Trading recommendations

  • Support levels: 2309,2300,2276,2249,2229,2206
  • Resistance levels: 2339,2370,2387,2432,2450,2500

From the point of view of technical analysis, the trend on the XAU/USD is downward. Yesterday, the price corrected to the resistance zone above 2339. For selling, traders can consider the resistance level at 1.2327, where sellers reacted sharply. Recent volume spikes also indicate the presence of large selling. Under these market conditions, we should expect a decline to the 2300 support level.
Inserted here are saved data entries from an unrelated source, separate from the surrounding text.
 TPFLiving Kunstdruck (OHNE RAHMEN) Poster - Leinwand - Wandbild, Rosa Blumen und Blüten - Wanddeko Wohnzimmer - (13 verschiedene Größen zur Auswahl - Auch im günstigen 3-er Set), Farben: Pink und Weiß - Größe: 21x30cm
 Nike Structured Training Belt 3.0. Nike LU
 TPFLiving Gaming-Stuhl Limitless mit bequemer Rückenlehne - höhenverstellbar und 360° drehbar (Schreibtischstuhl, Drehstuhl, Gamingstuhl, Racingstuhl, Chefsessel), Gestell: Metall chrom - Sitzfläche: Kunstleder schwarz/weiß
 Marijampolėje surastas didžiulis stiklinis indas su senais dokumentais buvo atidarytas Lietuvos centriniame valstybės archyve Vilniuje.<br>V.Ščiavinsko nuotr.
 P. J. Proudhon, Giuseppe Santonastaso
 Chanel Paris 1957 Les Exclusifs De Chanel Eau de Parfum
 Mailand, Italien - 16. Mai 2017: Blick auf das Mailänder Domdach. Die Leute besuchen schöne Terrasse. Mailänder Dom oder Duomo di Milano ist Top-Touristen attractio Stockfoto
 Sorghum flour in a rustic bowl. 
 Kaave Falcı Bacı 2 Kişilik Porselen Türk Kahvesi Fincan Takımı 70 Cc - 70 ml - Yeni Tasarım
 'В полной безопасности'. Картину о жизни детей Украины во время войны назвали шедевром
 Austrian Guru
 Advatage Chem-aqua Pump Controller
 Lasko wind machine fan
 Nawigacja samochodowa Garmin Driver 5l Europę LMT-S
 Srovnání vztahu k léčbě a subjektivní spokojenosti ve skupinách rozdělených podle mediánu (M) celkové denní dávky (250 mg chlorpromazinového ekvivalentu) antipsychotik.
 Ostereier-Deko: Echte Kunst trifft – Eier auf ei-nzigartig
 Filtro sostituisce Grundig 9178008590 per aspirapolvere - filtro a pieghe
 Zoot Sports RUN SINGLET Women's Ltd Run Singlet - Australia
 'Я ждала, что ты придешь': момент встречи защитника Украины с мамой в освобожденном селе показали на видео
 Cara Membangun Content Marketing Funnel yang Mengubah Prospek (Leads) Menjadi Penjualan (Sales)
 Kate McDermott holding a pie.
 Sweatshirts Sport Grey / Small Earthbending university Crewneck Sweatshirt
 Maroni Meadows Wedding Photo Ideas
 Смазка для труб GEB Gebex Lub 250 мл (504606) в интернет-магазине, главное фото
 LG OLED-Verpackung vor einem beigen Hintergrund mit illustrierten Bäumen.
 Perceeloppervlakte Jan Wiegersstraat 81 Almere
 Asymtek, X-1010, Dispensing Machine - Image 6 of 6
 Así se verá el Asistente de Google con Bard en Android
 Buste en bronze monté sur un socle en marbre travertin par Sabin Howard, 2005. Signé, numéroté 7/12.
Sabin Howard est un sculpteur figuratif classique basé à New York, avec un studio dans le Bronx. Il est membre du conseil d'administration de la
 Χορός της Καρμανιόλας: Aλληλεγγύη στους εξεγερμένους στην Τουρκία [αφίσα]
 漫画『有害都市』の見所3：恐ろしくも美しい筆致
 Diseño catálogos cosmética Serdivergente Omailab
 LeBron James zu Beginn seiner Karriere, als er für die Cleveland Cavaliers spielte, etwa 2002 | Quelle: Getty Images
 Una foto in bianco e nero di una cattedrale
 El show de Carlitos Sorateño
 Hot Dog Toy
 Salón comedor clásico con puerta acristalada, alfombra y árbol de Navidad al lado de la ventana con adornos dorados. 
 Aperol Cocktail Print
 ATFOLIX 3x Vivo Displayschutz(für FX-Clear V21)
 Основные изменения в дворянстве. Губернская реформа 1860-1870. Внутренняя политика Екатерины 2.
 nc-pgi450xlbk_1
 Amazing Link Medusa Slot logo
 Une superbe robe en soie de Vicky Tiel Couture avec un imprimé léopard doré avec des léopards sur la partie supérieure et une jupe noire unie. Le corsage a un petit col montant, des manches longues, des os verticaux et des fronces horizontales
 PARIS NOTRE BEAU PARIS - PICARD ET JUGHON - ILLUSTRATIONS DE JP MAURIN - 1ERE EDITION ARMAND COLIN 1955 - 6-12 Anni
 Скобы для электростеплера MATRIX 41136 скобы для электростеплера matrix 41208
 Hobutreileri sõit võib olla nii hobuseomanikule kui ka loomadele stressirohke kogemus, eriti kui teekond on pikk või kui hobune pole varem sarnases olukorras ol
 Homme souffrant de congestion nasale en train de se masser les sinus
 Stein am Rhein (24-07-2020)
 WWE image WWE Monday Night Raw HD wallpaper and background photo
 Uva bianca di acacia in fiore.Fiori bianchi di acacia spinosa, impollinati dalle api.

If there is a reaction from buyers from this level, we can look for buy trades.

Alternative scenario:

if the price breaks above the resistance level of 2387, the uptrend will likely resume.

News feed for: 2024.06.13

  • Eurozone Industrial Production (m/m) at 09:00 (GMT+3);
  • US Initial Jobless Claims (w/w) at 15:30 (GMT+3);
  • US Producer Price Index (m/m) at 15:30 (GMT+3);
  • US FOMC Williams Speaks at 19:00 (GMT+3).

This article reflects a personal opinion and should not be interpreted as an investment advice, and/or offer, and/or a persistent request for carrying out financial transactions, and/or a guarantee, and/or a forecast of future events.